Gas flaring is being allowed and mineral owners should be up in arms over it. Proponents declare the oil couldn’t be produced and the explorers would go bankrupt if unable to get that pesky gas out of the way by simply burning it off to get at the oil. Producers have only themselves to blame if they go broke, because from the getgo they have “went for broke” paying extremely high bonuses, offering high royalties, and spending insane amounts of money to drill expensive holes in the ground.
Once they have drilled those holes, then what happens? They think of every way possible to swindle the mineral owner out of their share of the proceeds with post-production expenses that exceed what any “prudent” operator would pay. Worse perhaps, they flare off the gas with the claim, if they didn’t they could not get the oil which they need to sell to pay the bills. Not my problem. Then they argue that the price of natural gas in places like West Texas is a mere $0.01 or even a negative number as glutted gas pipelines don’t need the gas. They have plenty, in fact, way more than plenty for the foreseeable decades.
It is too expensive, they claim, to re-inject the gas back into the reservoir it came out of. Really? This is the part that mineral owners may not understand. When you flare that gas, the reservoir pressure is reduced. If you re-inject that gas into the reservoir, pressure is maintained. Why is that important? Any formation will give up only a certain percentage of its oil and gas. In some formations, like the San Andres in West Texas (which happens to be the most prolific of all West Texas formations) only 30% or so of oil is produced by primary means. Secondary and tertiary recovery can increase that percentage but nothing is going to give up 100% of the oil. Tertiary recovery using CO2 (yes, carbon dioxide pumped from Colorado) re-pressures these old fields and help scavenge the smaller oil droplets into the well bore. But it still won’t get 100% of the oil.
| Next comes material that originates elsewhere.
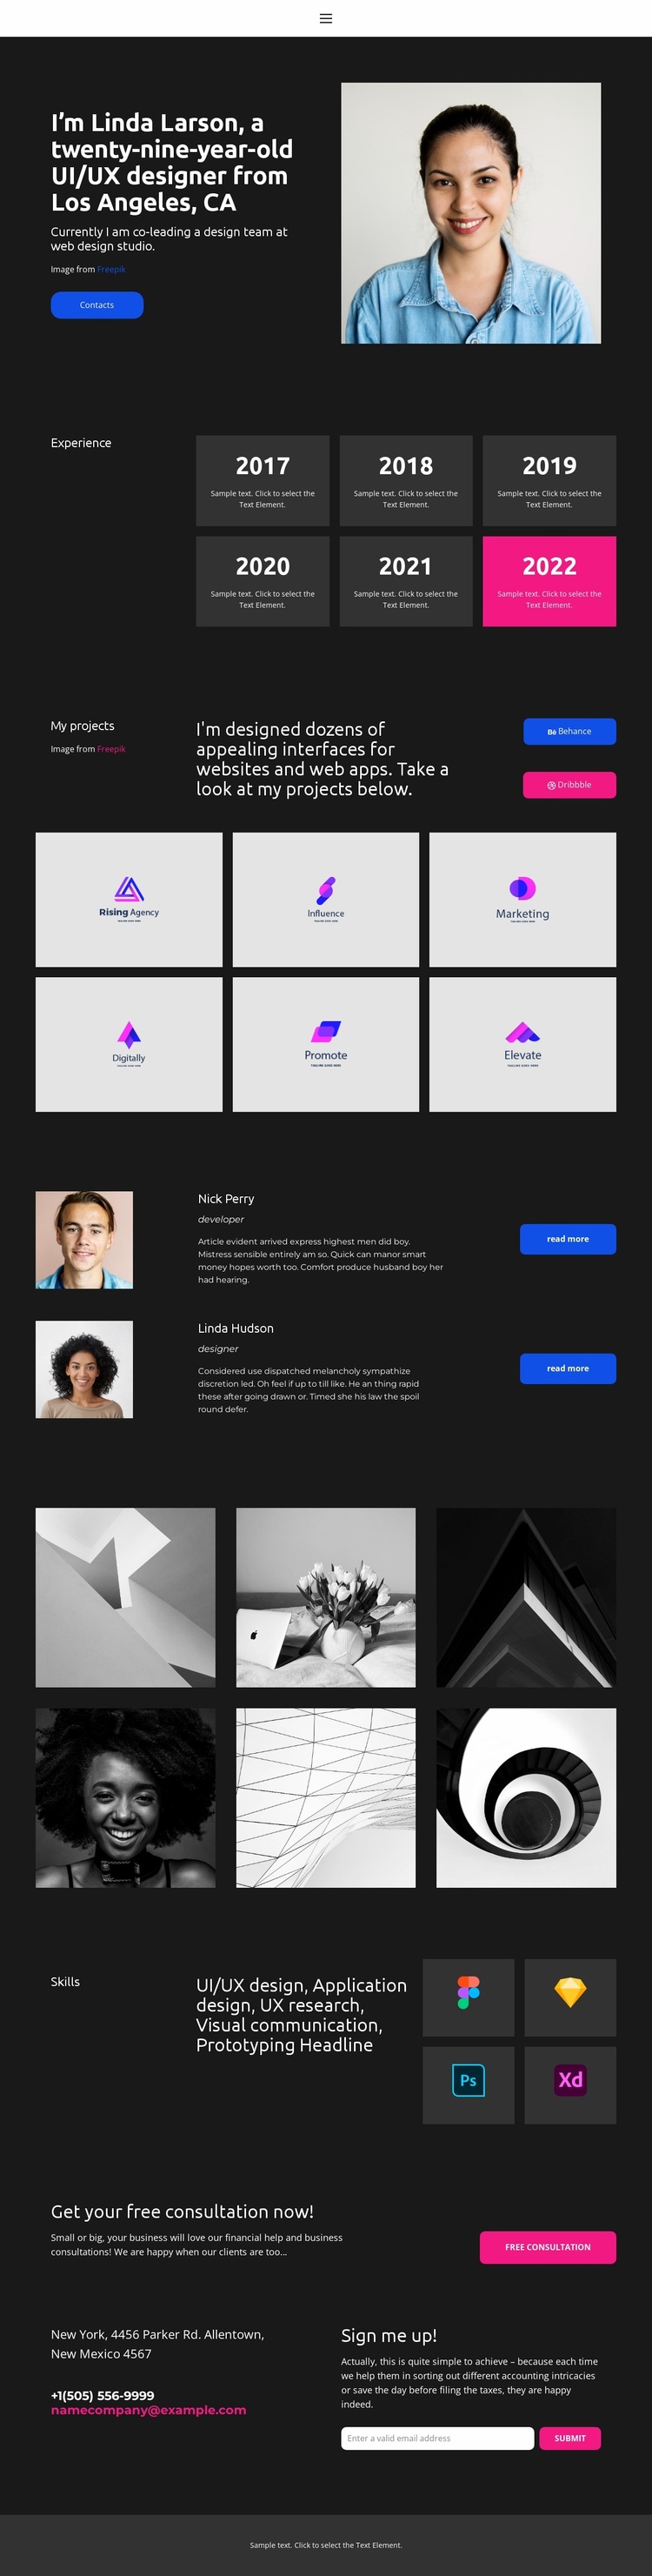 Web designer business card Website Design

Why do they need to do that? The initial older wells in the Permian Basin were open flowed, producing a maximum of oil and simply wasting the gas. That gas provided the pressures in the reservoirs to drive the oil to a borehole. Once the gas depleted and met the bubble point. What is the bubble point? It is the pressure / temperature point where the gas comes out of solution, as it is entrained in the liquid oil and provides the pressure to get the product to the borehole. Schlumberger’s glossary of oil terms goes on to say,
“the oil is saturated with gas when discovered, meaning that the oil is holding all the gas it can at the reservoir temperature and pressure, and that it is at its bubble point. Occasionally, the oil will be under-saturated. In this case, as the pressure is lowered, the pressure at which the first gas begins to evolve from the oil is defined as the bubble point.”
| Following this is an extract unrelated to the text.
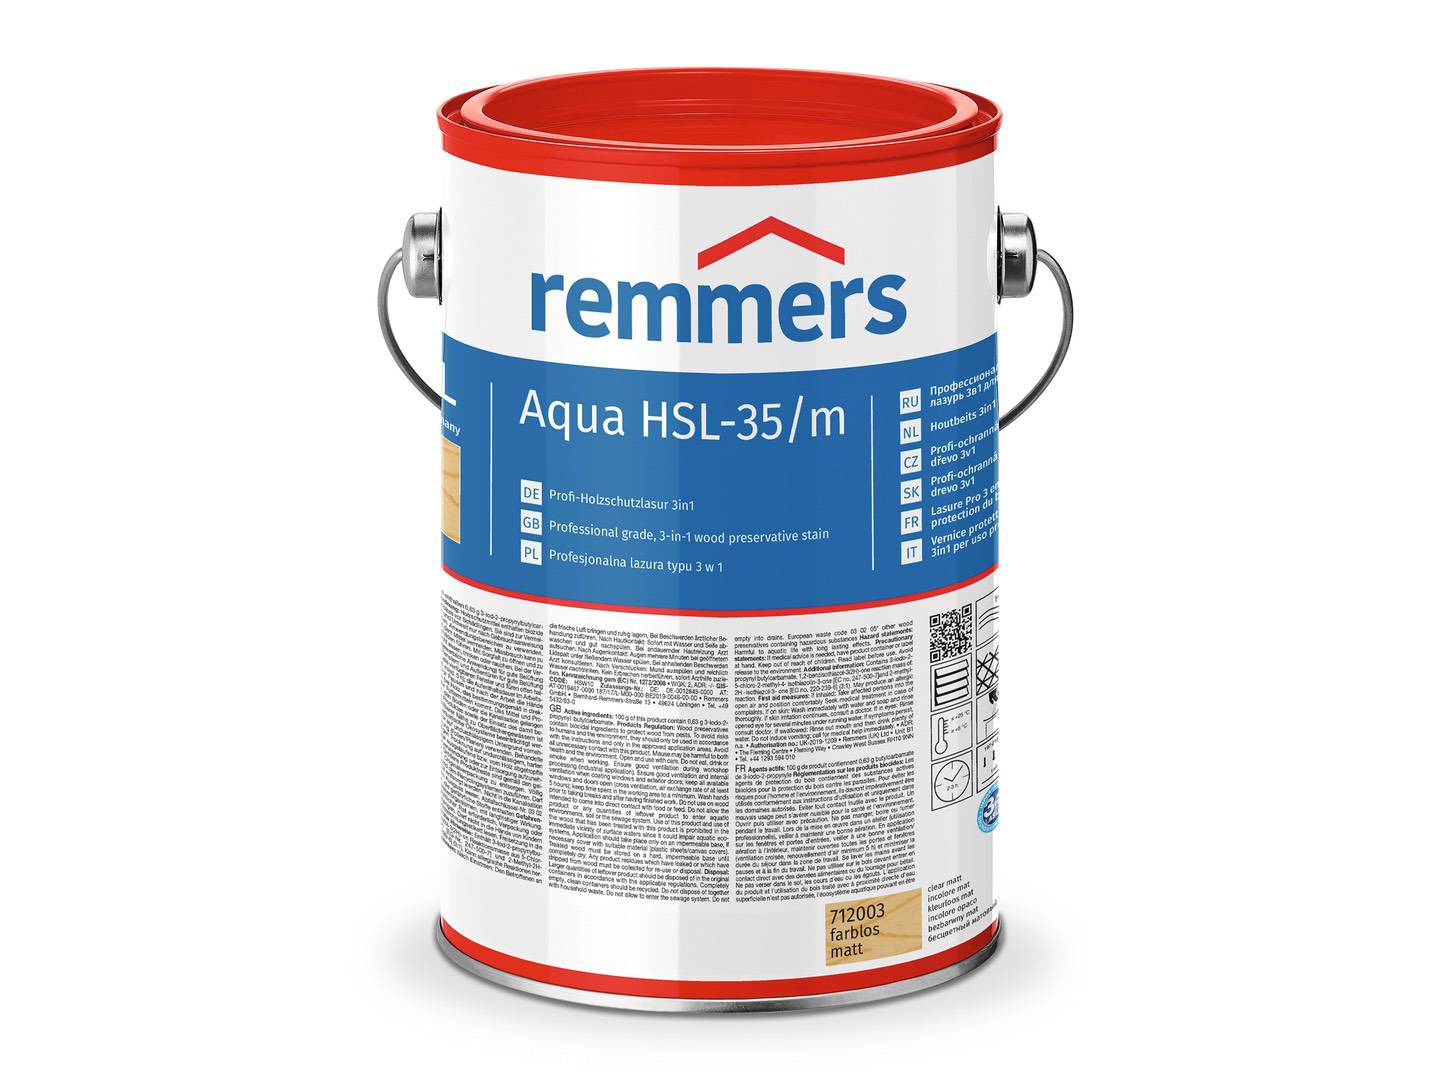 REMMERS Aqua HSL-35/m-Profi-Holzschutz-Lasur 3in1 nussbaum (RC-660) 2,50 l

Burning off the gas means two things. The mineral owner will not get adequately compensated for a valuable commodity, natural gas. Secondly, it means the well will make LESS OIL. Simple fact. The well will go on pump and into secondary and tertiary recovery much sooner. Once you’ve lost that pressure it is much harder to re-pressure the formations. So the company isn’t just wasting gas, but wasting oil in a short term effort to cash flow so they can drill some more loser wells. And many of these wells are losers. They will never pay out, but in the process of trying, they will damage the reservoir and ultimately cost the mineral owners most of the value of the mineral right.
The solution is to forbid all flaring….all of it. Nada. No. None. Negative. Mineral owners should be howling at every Texas Railroad Commission hearing (and same for Oklahoma and the Corporation Commission) to ban the practice and force not only that natural gas be re-injected into the formations, but proration needs to be imposed. Why? Those two acts would do more to restore sanity to a business being run by hedge fund bozos who have nary an inkling what they are doing.
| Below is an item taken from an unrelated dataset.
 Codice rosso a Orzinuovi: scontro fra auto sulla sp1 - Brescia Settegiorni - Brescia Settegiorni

An old gray haired geologist told me recently that when meeting the head geologist of one company, he was astounded at the lack of basic knowledge demonstrated by the man. He lacked the most basic knowledge of the industry, which is a reflection upon the people who hired him. They knew no more than their head geologist so neither of them had a fundamental understanding of the geology. Yet they were throwing tons of money at wells in hot areas simply because…well, everyone said that was a hot area. No more reason than that. These companies need to go under. And mineral owners need to be at every commission hearing and raise bloody L to the regulators to impose proration and ban ALL flaring after the initial test period of a few days.